§ **What you should do**: Please repeat, exactly and without pictures, the lines of the entries below that run from the one containing "Al Islami Non-Spicy" through the one containing "La gente a piedi".

§ **Supplied data**:
****

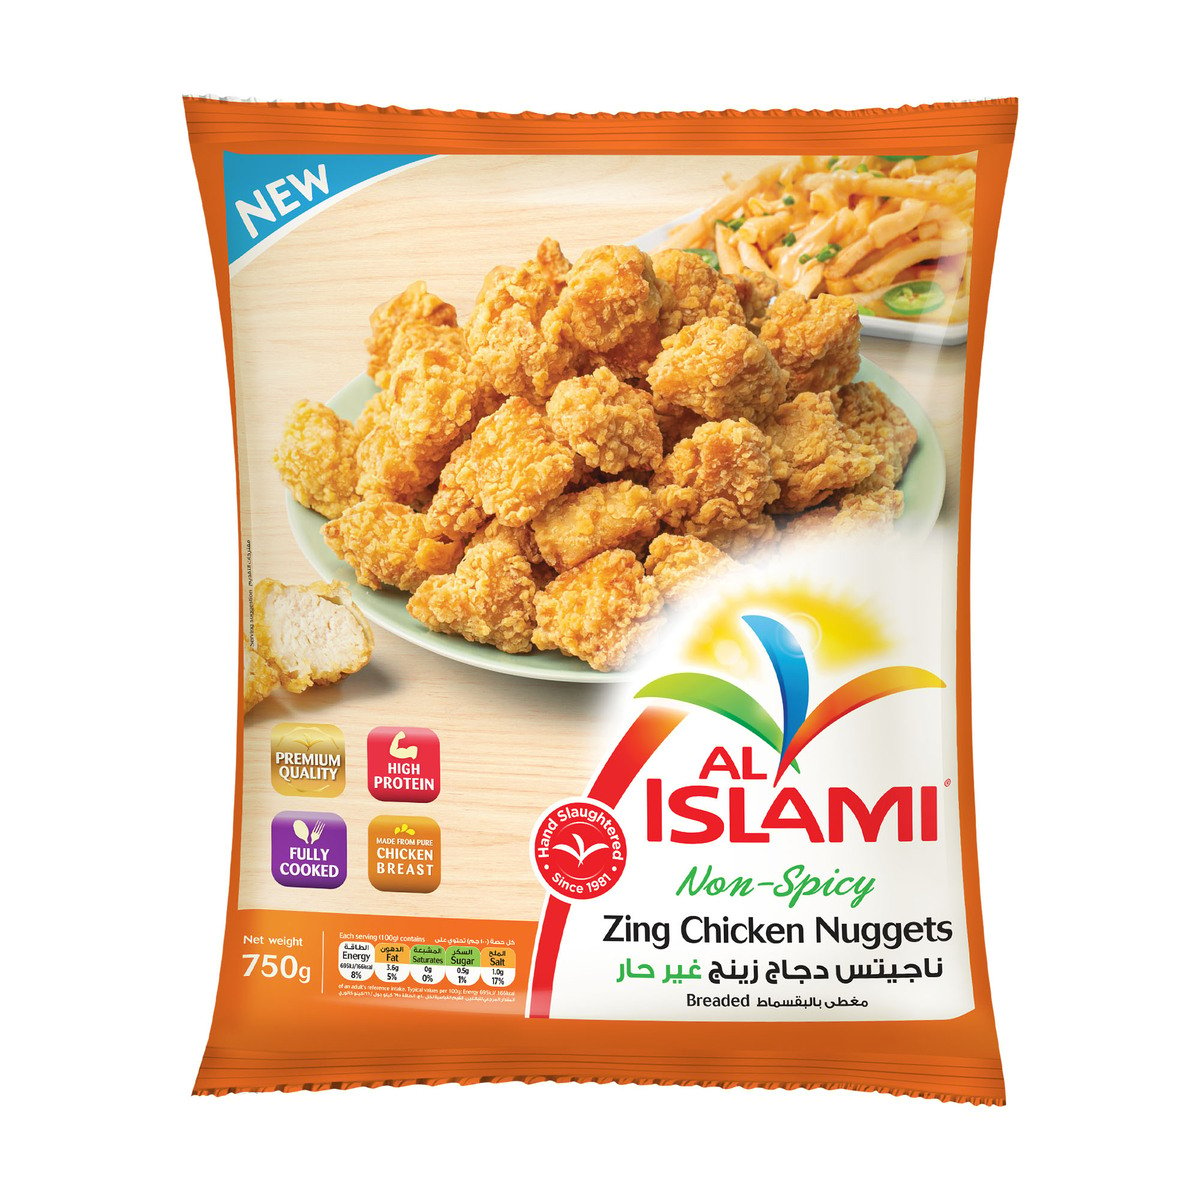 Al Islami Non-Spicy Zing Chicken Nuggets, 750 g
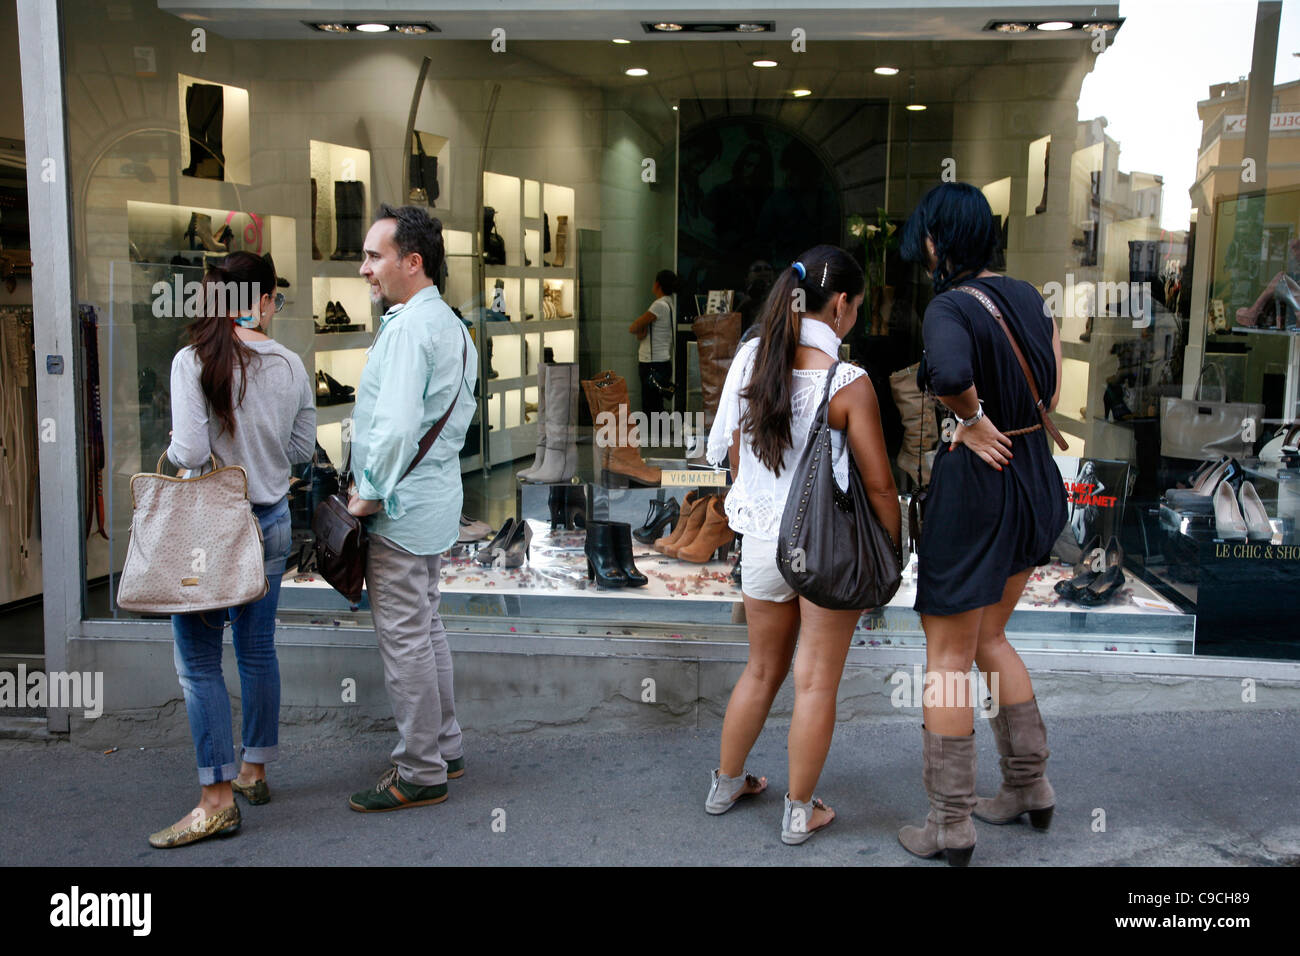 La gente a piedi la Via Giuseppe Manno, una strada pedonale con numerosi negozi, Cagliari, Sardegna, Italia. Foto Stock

****

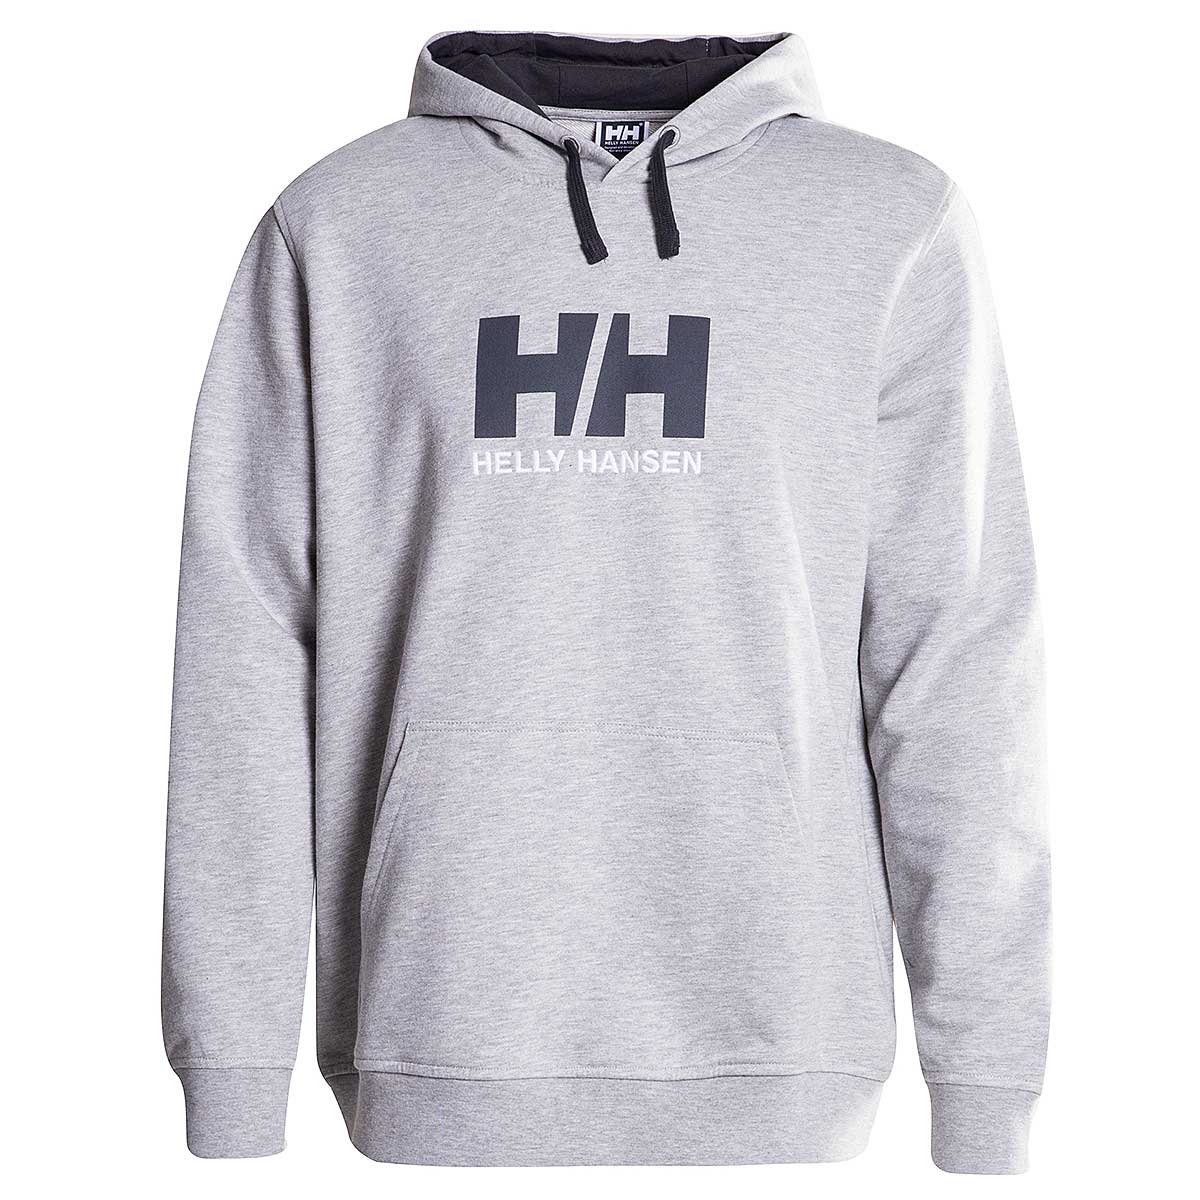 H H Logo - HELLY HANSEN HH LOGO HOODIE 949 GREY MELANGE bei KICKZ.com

****

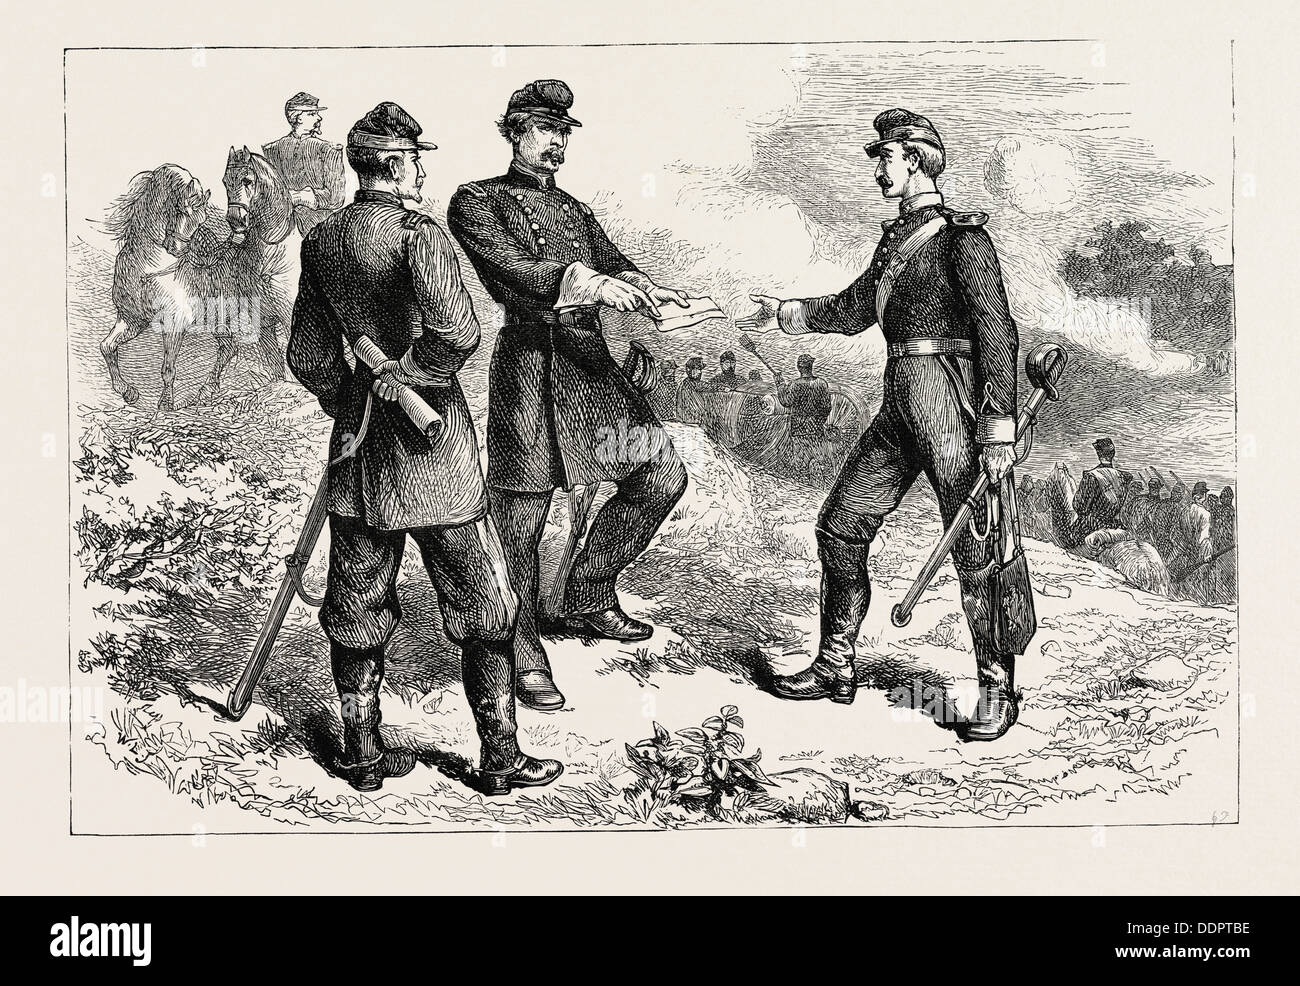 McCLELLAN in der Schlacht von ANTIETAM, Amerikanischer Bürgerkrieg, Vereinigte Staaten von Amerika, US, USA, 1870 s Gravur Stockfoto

****

§ **Task result**:
 Al Islami Non-Spicy Zing Chicken Nuggets, 750 g
 La gente a piedi la Via Giuseppe Manno, una strada pedonale con numerosi negozi, Cagliari, Sardegna, Italia. Foto Stock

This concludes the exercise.